Ex-defense lawyer Lynne Stewart’s attempt to win a reduction of her sentence for helping her imprisoned client communicate with his followers in an Egyptian terrorist group was rejected yesterday by a federal appeals court.
The U.S. Court of Appeals for the Second Circuit turned aside Stewart’s claim that she was punished with a 10-year prison term at resentencing in 2010 for making comments outside of court following her initial, lighter sentence in 2006.
She claimed on appeal that Southern District Judge John Koeltl (See Profile), who initially sentenced her to 28 months in prison, violated the First Amendment when he took her comments into consideration at resentencing.
“The sentencing judge was determining the characteristics of the defendant, which were legally relevant to a determination of the appropriate sentence to impose on Stewart, through the comments she voluntarily and publicly made,” Judge Sack wrote for the panel in United States v. Stewart, 10-3185.
Stewart, 72, was convicted in 2005 of acting as a conduit between Islamic Group and Sheik Omar Abdel Rahman, who was serving a life sentence for his conviction on seditious conspiracy as part of a broader plot to blow up New York City landmarks.
She violated multiple promises to abide by Special Administrative Measures imposed on Rahman to prevent him from communicating with the outlaw group, including passing a press release to a reporter announcing Rahman’s withdrawal of support for a ceasefire on attacks in Egypt.
After receiving the 28-month sentence on Oct. 16, 2006, Stewart spoke to supporters outside the courthouse in lower Manhattan and was asked if she had any regrets.
“I don’t think anybody would say that going to jail for two years is something you look forward to, but as my clients have said to me ‘I can do that standing on my head,’” she said.
During a Nov. 18, 2009, television interview, Stewart was asked if she would do anything differently. She denied criminal intent but said she thought it was “necessary” to serve her client zealously.
“I would do it again,” she said. “I might handle it a little differently, but I would do it again.”
The comments did not help her on the government’s appeal of her sentence to the Second Circuit, which threw out the sentence and remanded to Koeltl.
The circuit faulted the initial sentence for failing to fully take into account Stewart’s abuse of trust in her role as a lawyer and the perjury she committed on the witness stand at trial. It also questioned whether the application of a sentencing enhancement for committing a crime of terrorism should apply and told the judge to “consider the overall question of whether the sentence is appropriate in view of the magnitude of the offense.”
Lack of Remorse
Stewart tried to explain away the comment that she would do “it” again, saying the word “it” meant “compassionately represent my client.”
Koeltl, however, said the statement indicated “a lack of remorse for conduct that was both illegal and potentially lethal.”
Given that the Second Circuit had virtually instructed the lower court to consider imposing a longer sentence on remand, Stewart was facing long odds when she returned to the circuit to challenge the 10-year-sentence. Oral arguments were heard on Feb. 29 (NYLJ, March 1).
Yesterday, Sack wrote that Stewart’s appeal this time depended on “cobbling together scraps of First Amendment doctrine and dicta for support.”

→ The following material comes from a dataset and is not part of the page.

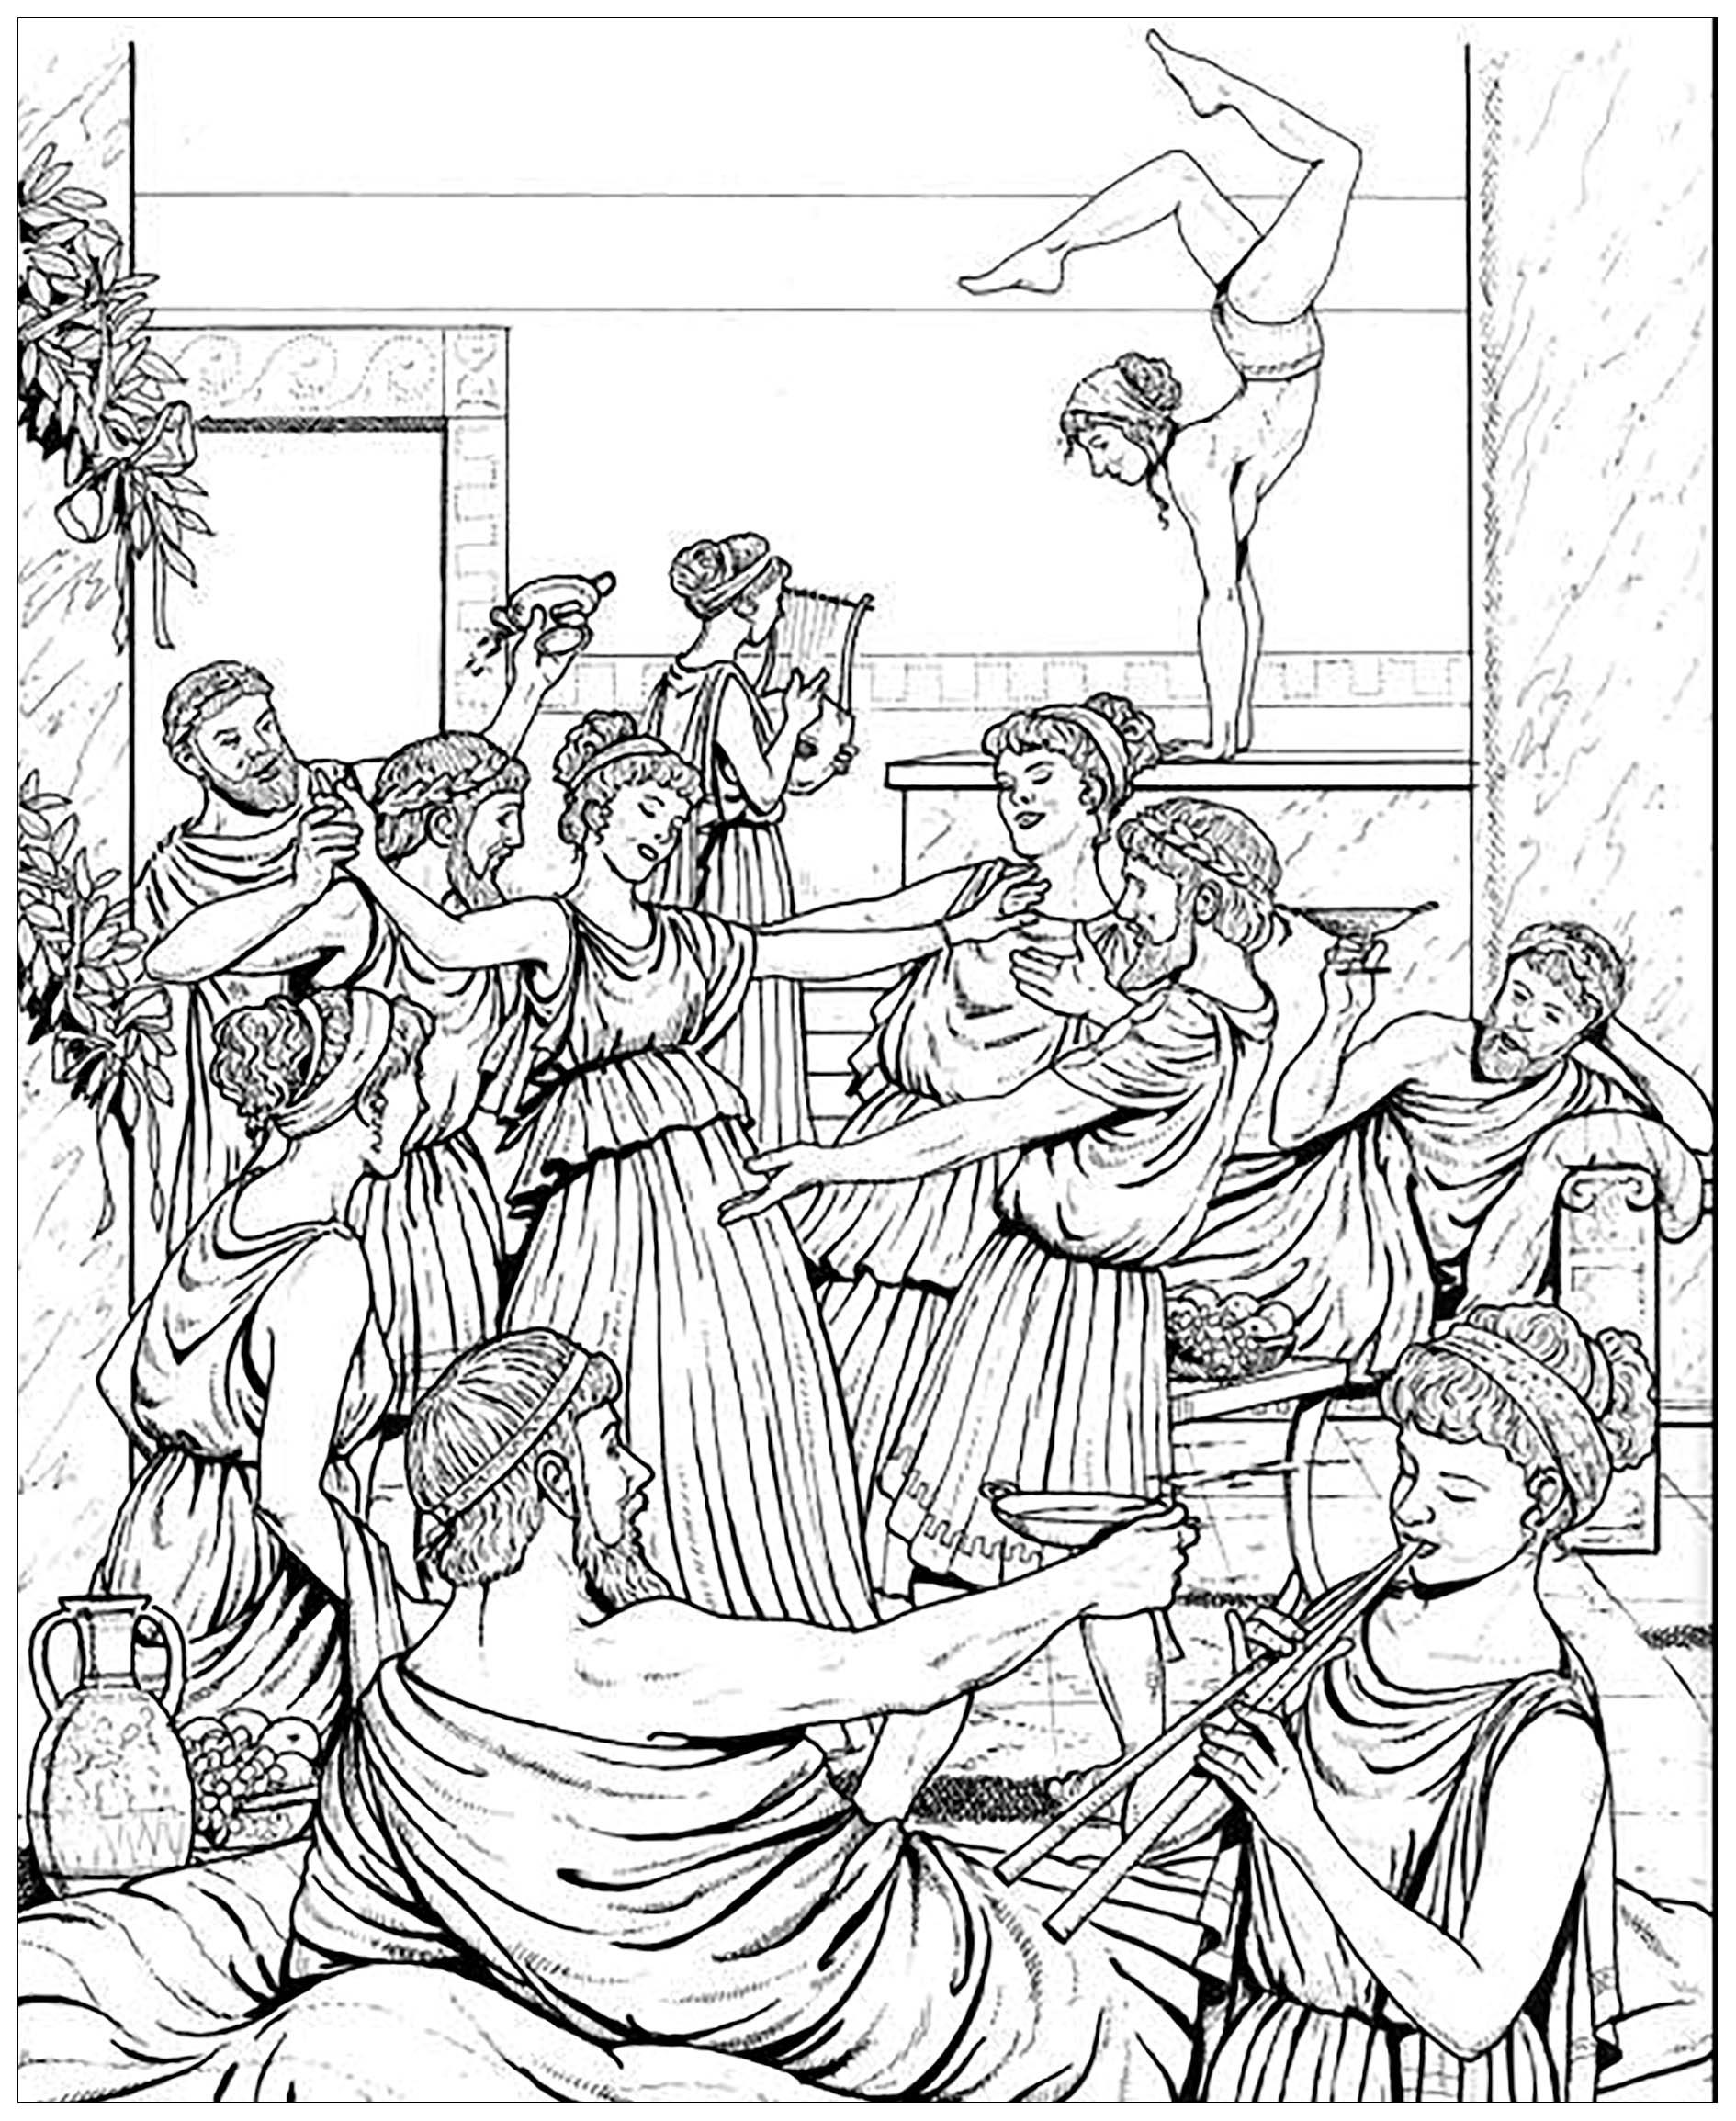 Coloriage provenant du livre 'La vie dans la Grèce Antique'

“Stewart was not punished for violating a governmental restriction on speech,” Sack said. “The district court did not treat her speech as a violation of any law—it considered the content of that speech to be helpful in enabling the court to craft a sentence ‘sufficient, but not greater than necessary, to comply with the purposes set forth’” elsewhere in the sentencing guidelines, §3553.
Sack said Stewart ineffectually argued that she was prosecuted and punished for her political beliefs.
Koeltl, Sack said, “was properly concerned about whether she considered her previous sentence to be ‘trivial,’ and whether she had remorse for her acts adjudged to be serious crimes, not about any political views of hers that may or may not have played a part in her commission of the crime or her reaction to her conviction and sentence.”
The court also was not persuaded by Stewart’s argument that punishing defendants for their comments outside of court will have a chilling effect on speech.
“There is no authority for the general proposition that underlies Stewart’s arguments: that the government cannot use the contents of voluntary public speech to the speaker’s disadvantage despite the likelihood that someone will subsequently think twice about making a similar public statement,” he said.
Similarly, the court rejected Stewart’s claim she was punished for “ambiguous” statements, which Sack called “a questionable proposition.”
“Were we to read the Constitution to prohibit the consideration of a defendant’s statements solely because they were only arguably unfavorable to the defendant’s position, as Stewart urges, we would take away from the district court the ability fully to assess facts bearing on the defendant’s state of mind in accordance with the requirements of section 3553, which enables the court to impose a sentence fair to both the defendant and society,” he said.
The court then rejected the remainder of Stewart’s arguments on the sentencing enhancements, saying the district court on remand “punctiliously followed our instructions.”
Herald Price Fahringer represented Stewart on the appeal.
“We are terribly disappointed and we are planning to pursue further appellate remedies,” Fahringer said.
Assistant U.S. Attorney Andrew Dember argued for the government.